Data below:

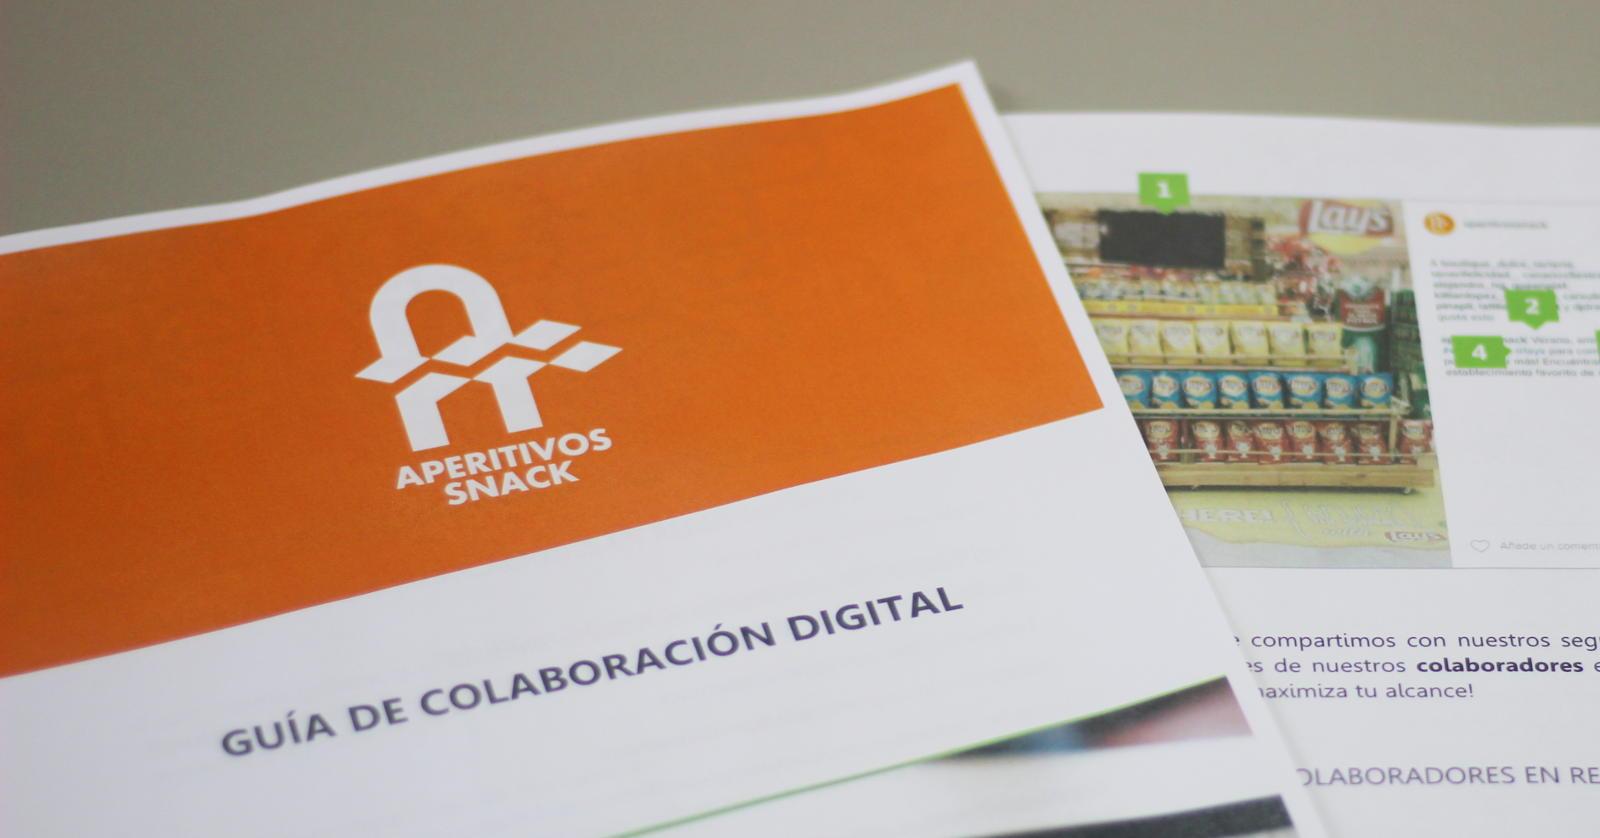 Guía de colaboración digital ASSA
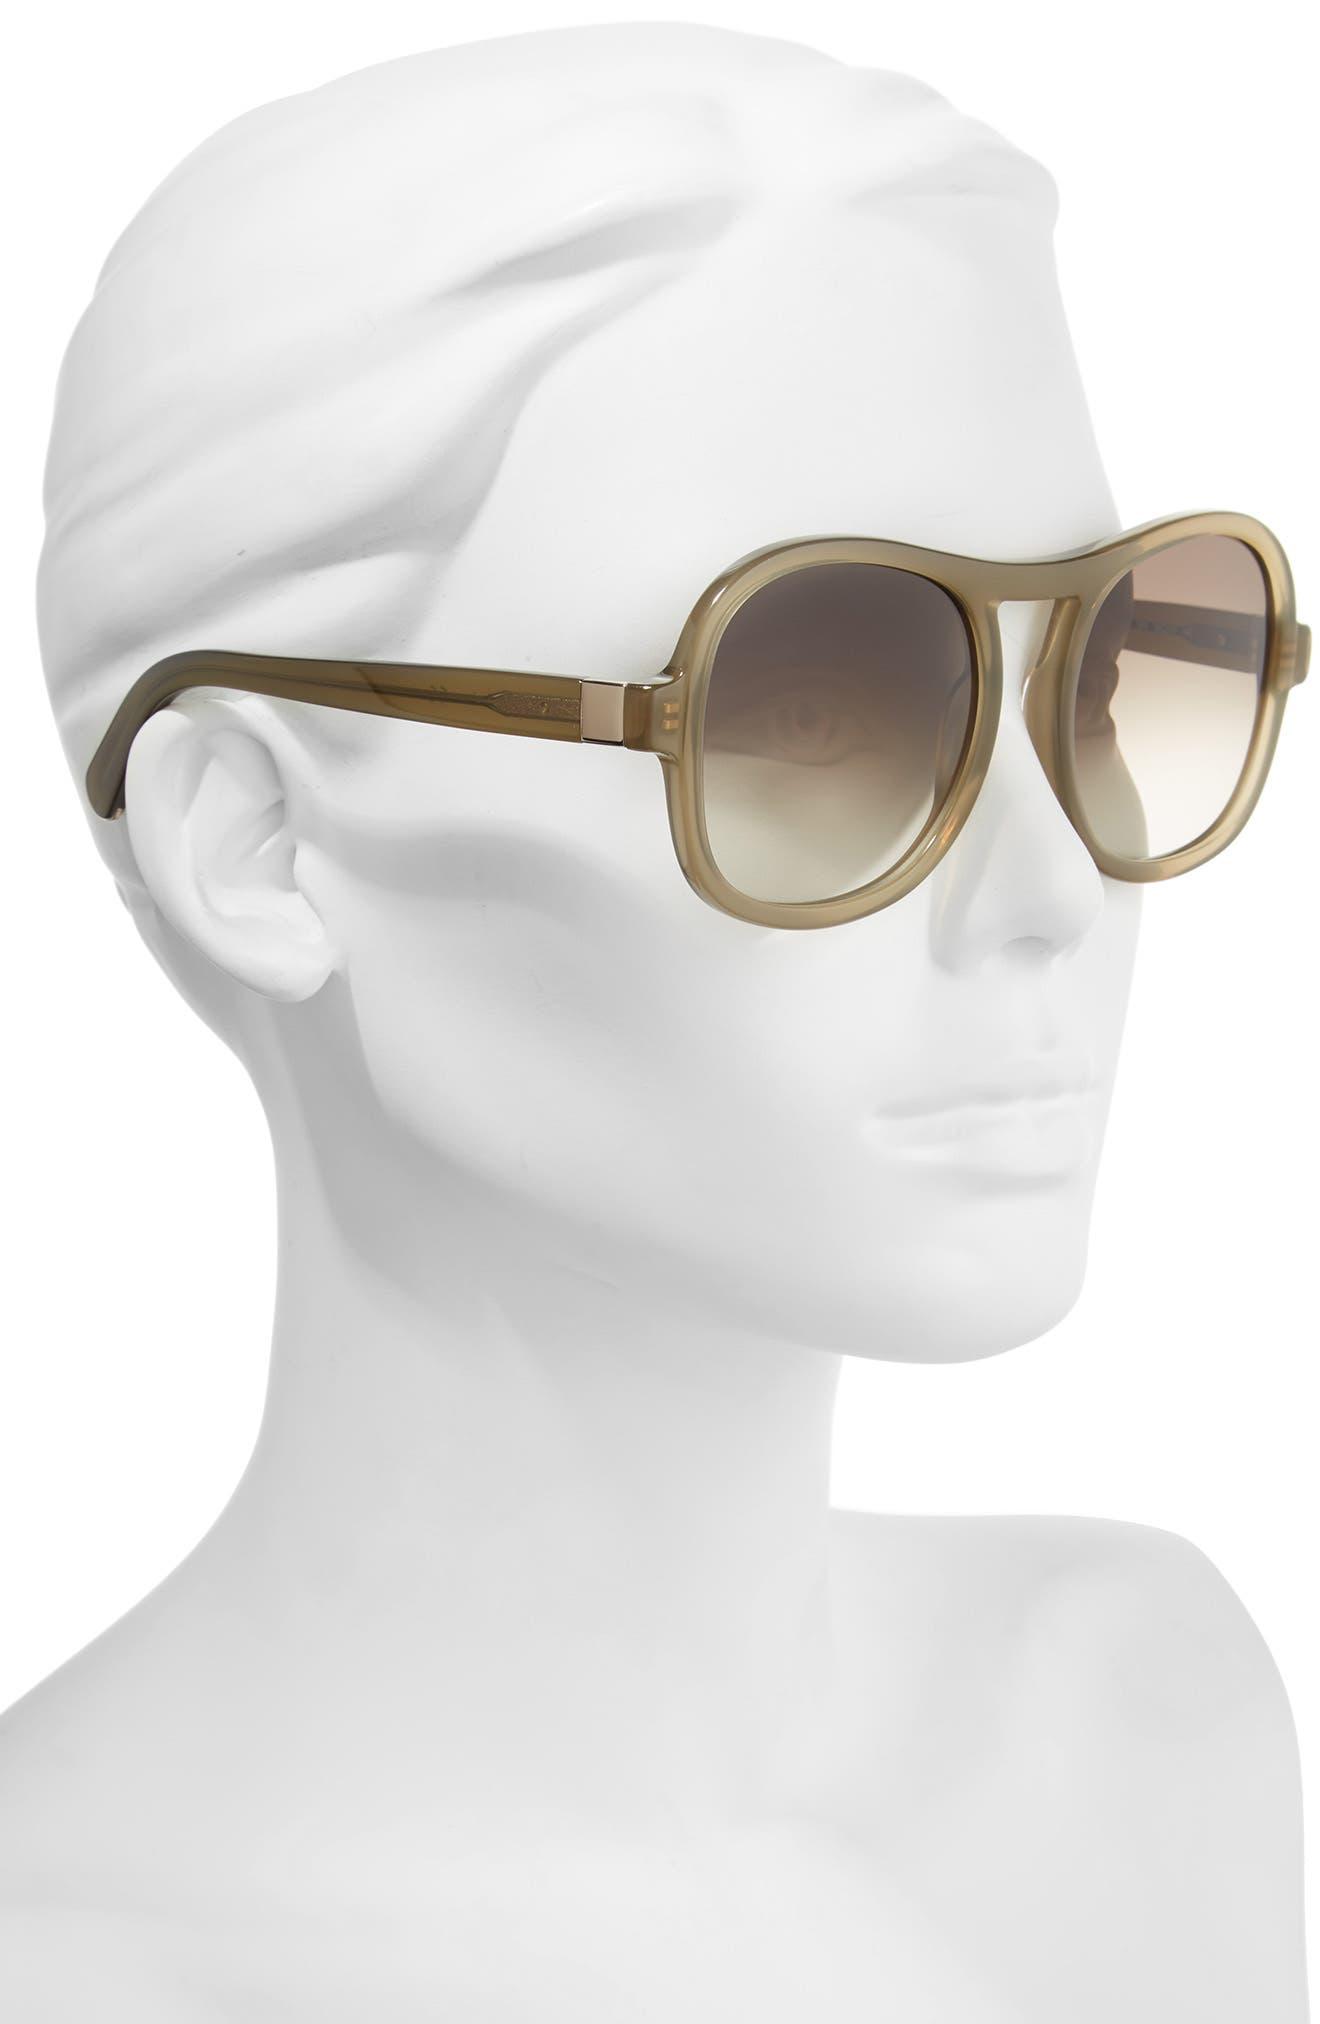 Marlow 56mm Gradient Lens Sunglasses,                             Alternate thumbnail 2, color,                             Khaki
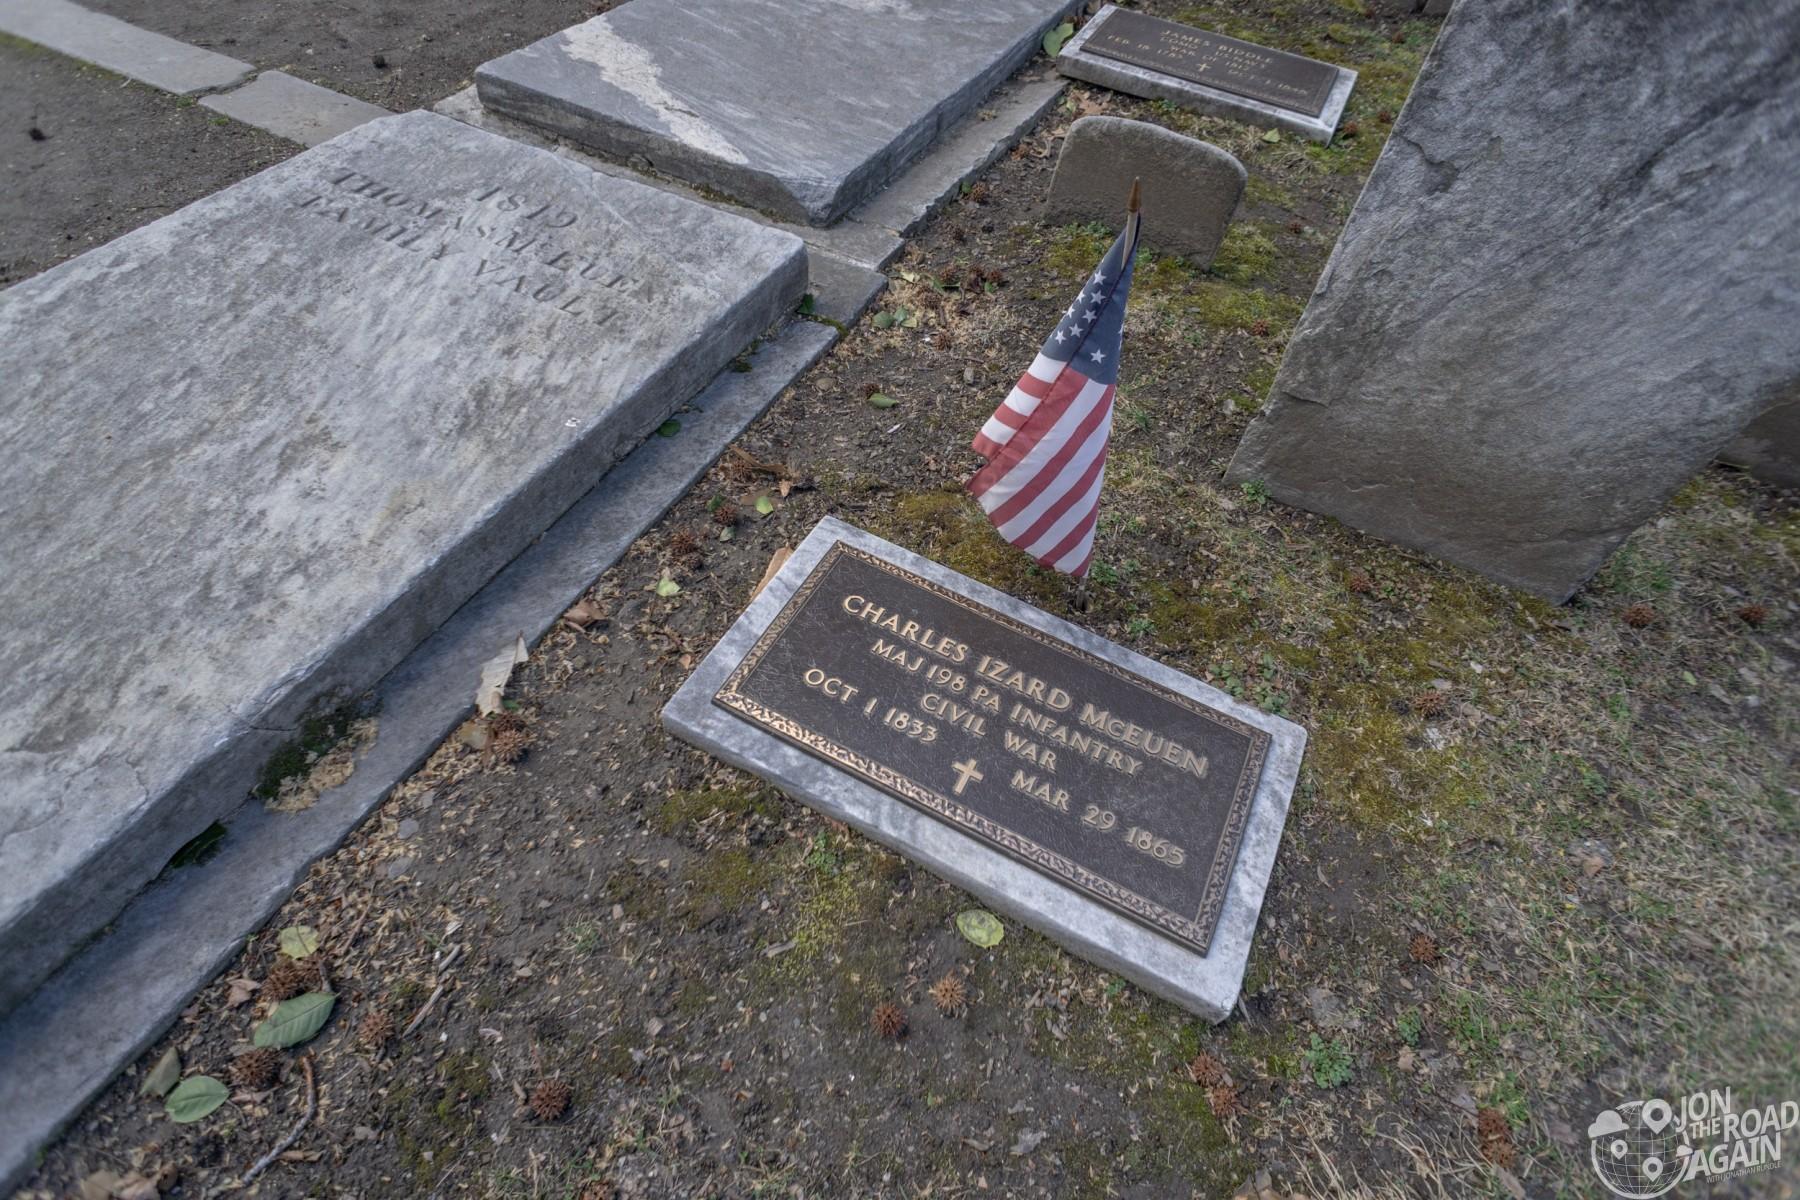 Charles McEuen Grave

End of Data.

What is being asked »
Could you restate exactly the lines from the line containing "Marlow 56mm Gradient" through the end of the listing, both ends included and nothing else, leaving the images out?

Result below »
 Marlow 56mm Gradient Lens Sunglasses,                             Alternate thumbnail 2, color,                             Khaki
 Charles McEuen Grave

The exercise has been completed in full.